Part of the abstract for John's NIPS paper talks about critically analyzing the technique used by Ludescher et. al.

I'm starting this thread as a place for us to bat around ideas about this. Perhaps this will help John in his thinking about the subject.

Sorry I don't have a lot concrete to contribute here, because I was busy with other things, and lost track of the flow of what was going on.

Here are some possible points:

* Definitions are more complex than they need to be; Graham showed that the same results can be achieved with simpler definitions.

* A better goal is to predict a continuous index of El Nino.

* Questions about the statistical significance of their results.
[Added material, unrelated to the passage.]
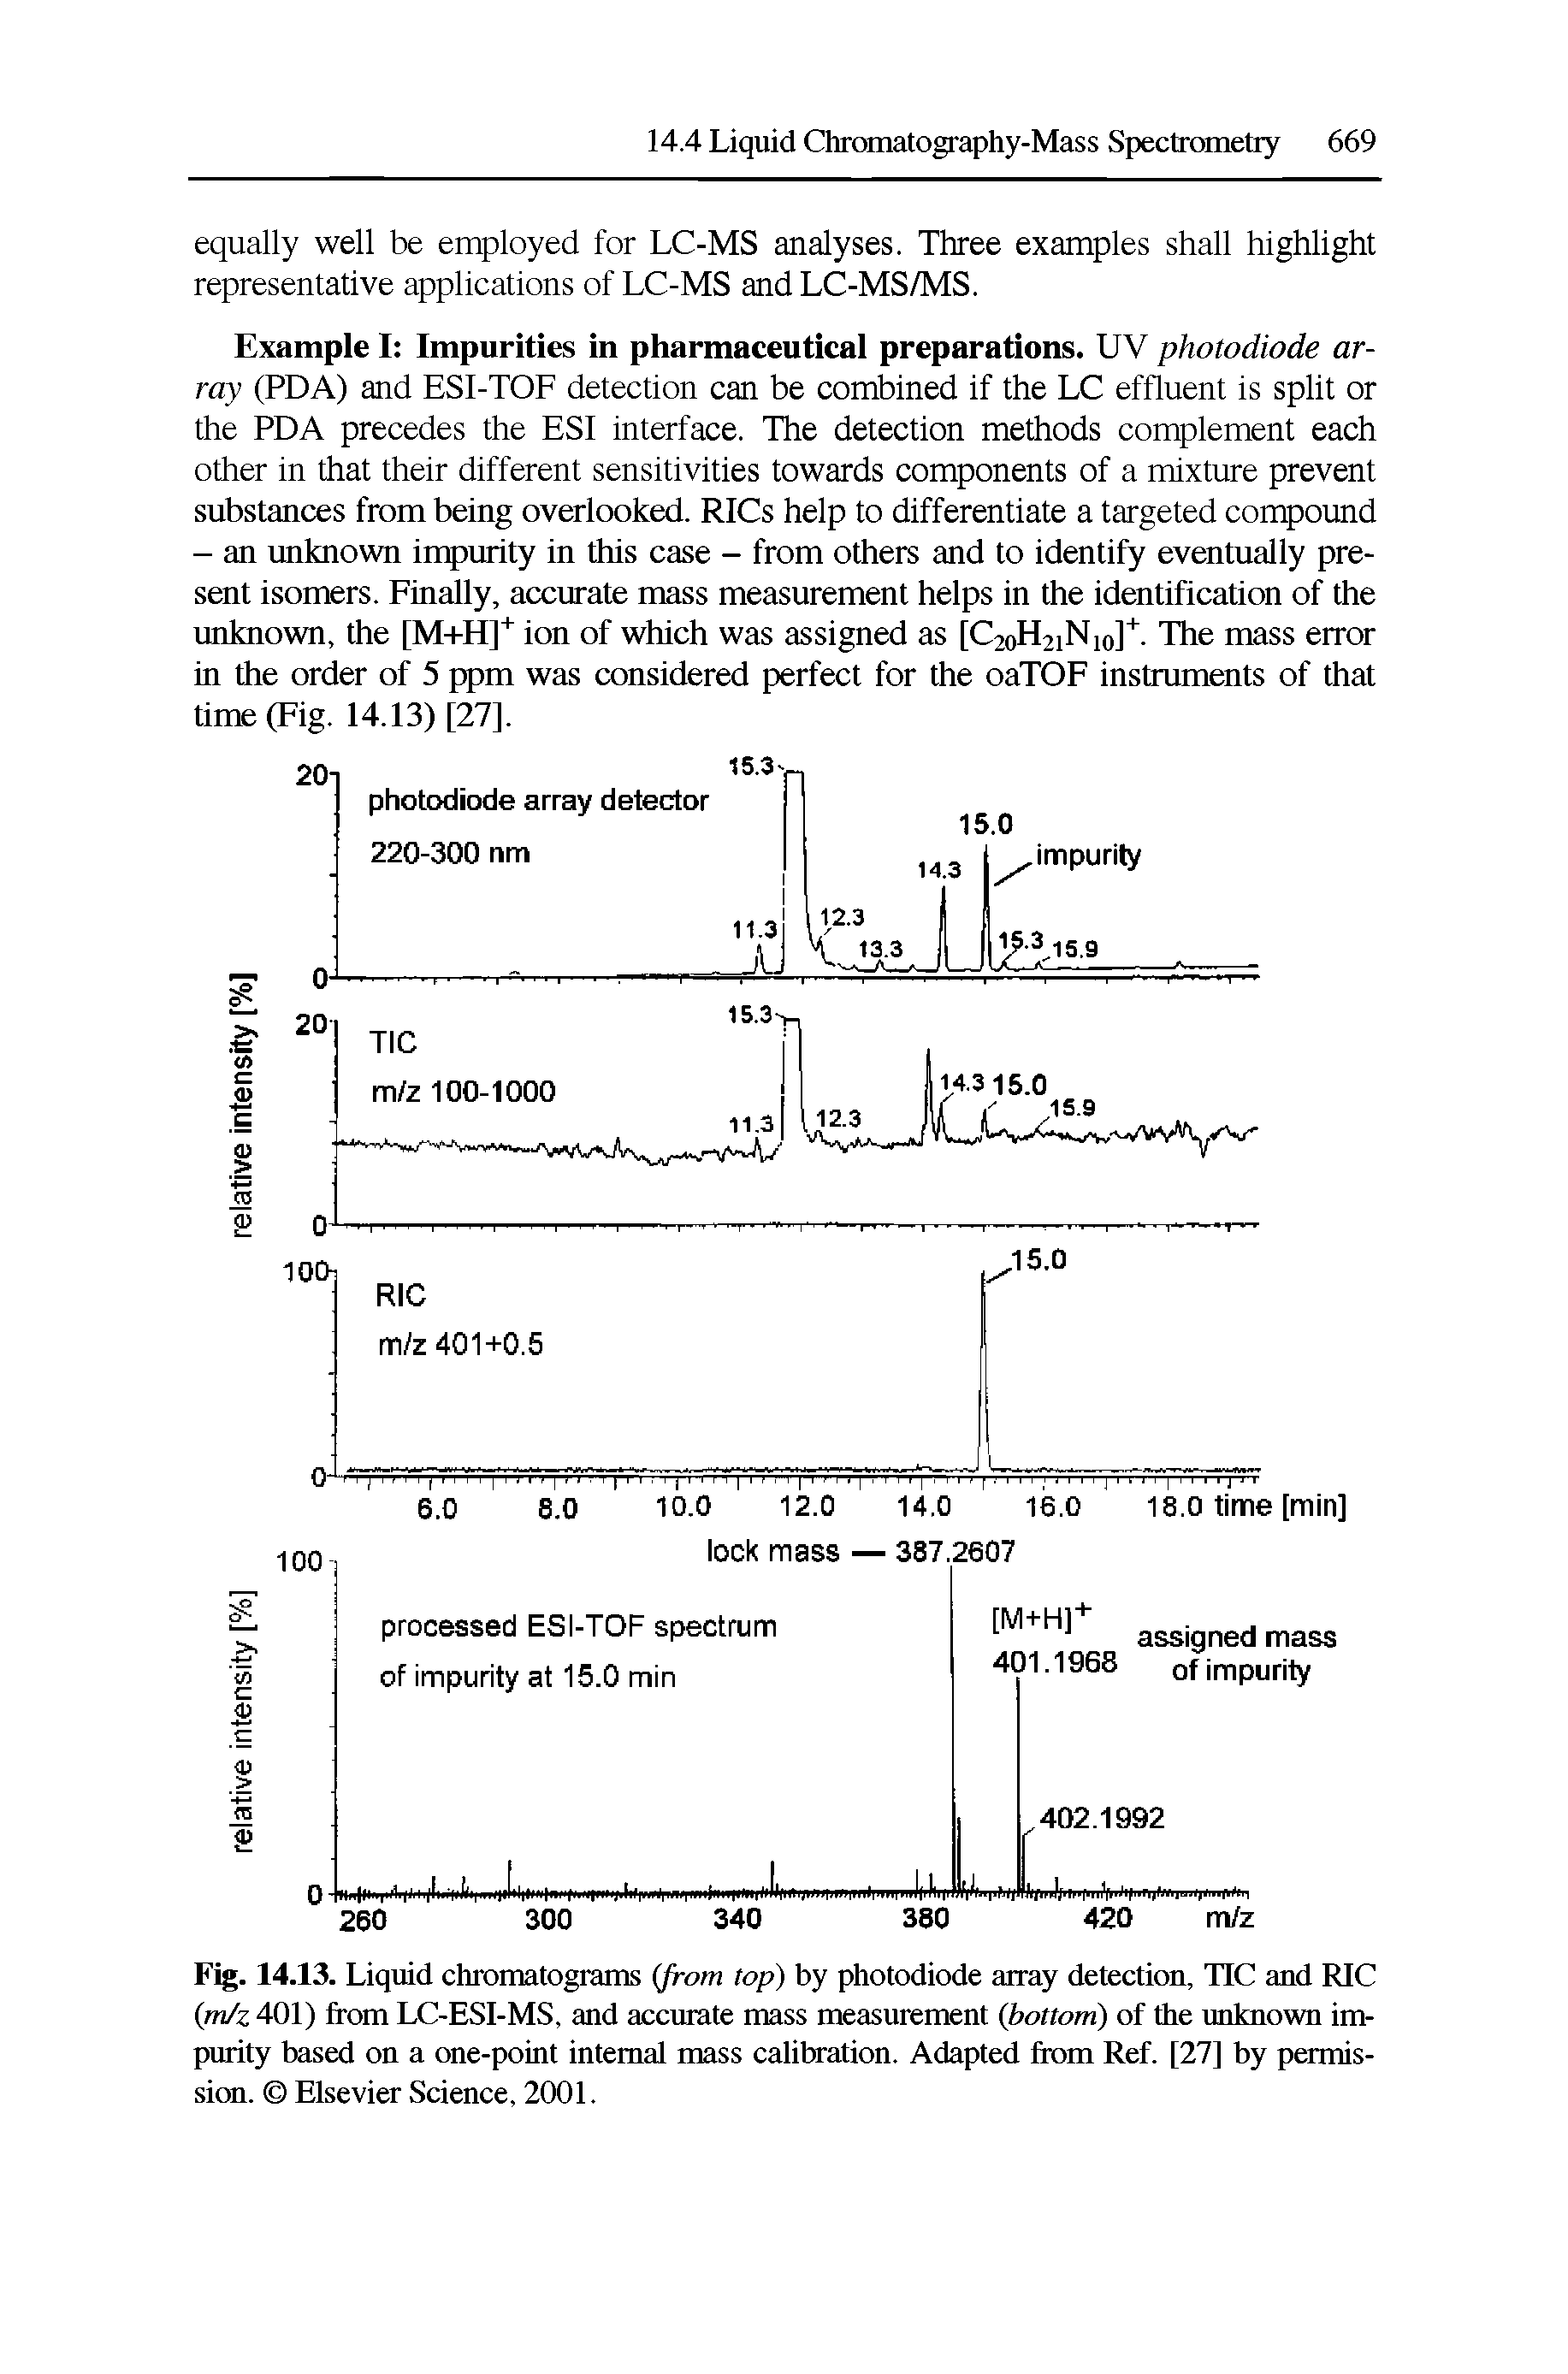 Fig. 14.13. Liquid chromatograms (from top) by photodiode array detection, HC and RIC (m/z 401) from LC-ESI-MS, and accurate mass measurement (bottom) of the unknown impurity based on a one-point internal mass calibration. Adapted from Ref. [27] by permission. Elsevier Science, 2001.

Someone posted about this, but I forgot who or where.

* Is a network of correlation strengths really a meaningful entity, which can form the basis of empirical predictions? Are the other cases where such correlation networks have led to predictive results? What are the underlying physical bases.

* They put themselves out on a limb by predicting El Nino in 2014, but now it is appearing to be less likely...

Perhaps you guys who have been more active in the El Nino project can fill in some of the ideas here, or contradict them, or add some other points.

If 2014 turned out to be a non-El-Nino year, and this raises doubts about the Ludescher et. al approach, then part of your talk could be cast as a post-mortem, a returning to the blackboard, and a drumming up of more speculative ideas about climate network theory in new directions. Trouble is your talk occurs too soon to tell.

But now I read that the probability of El Nino this winter has been [reduced to 58%](http://www.vox.com/2014/11/8/7177709/el-nino-2014-forecast-weakening). But that means that there is a 42% chance that a strong prediction made by the Ludescher et al theory is incorrect. Doesn't that in itself cast some doubt on the their "theory"?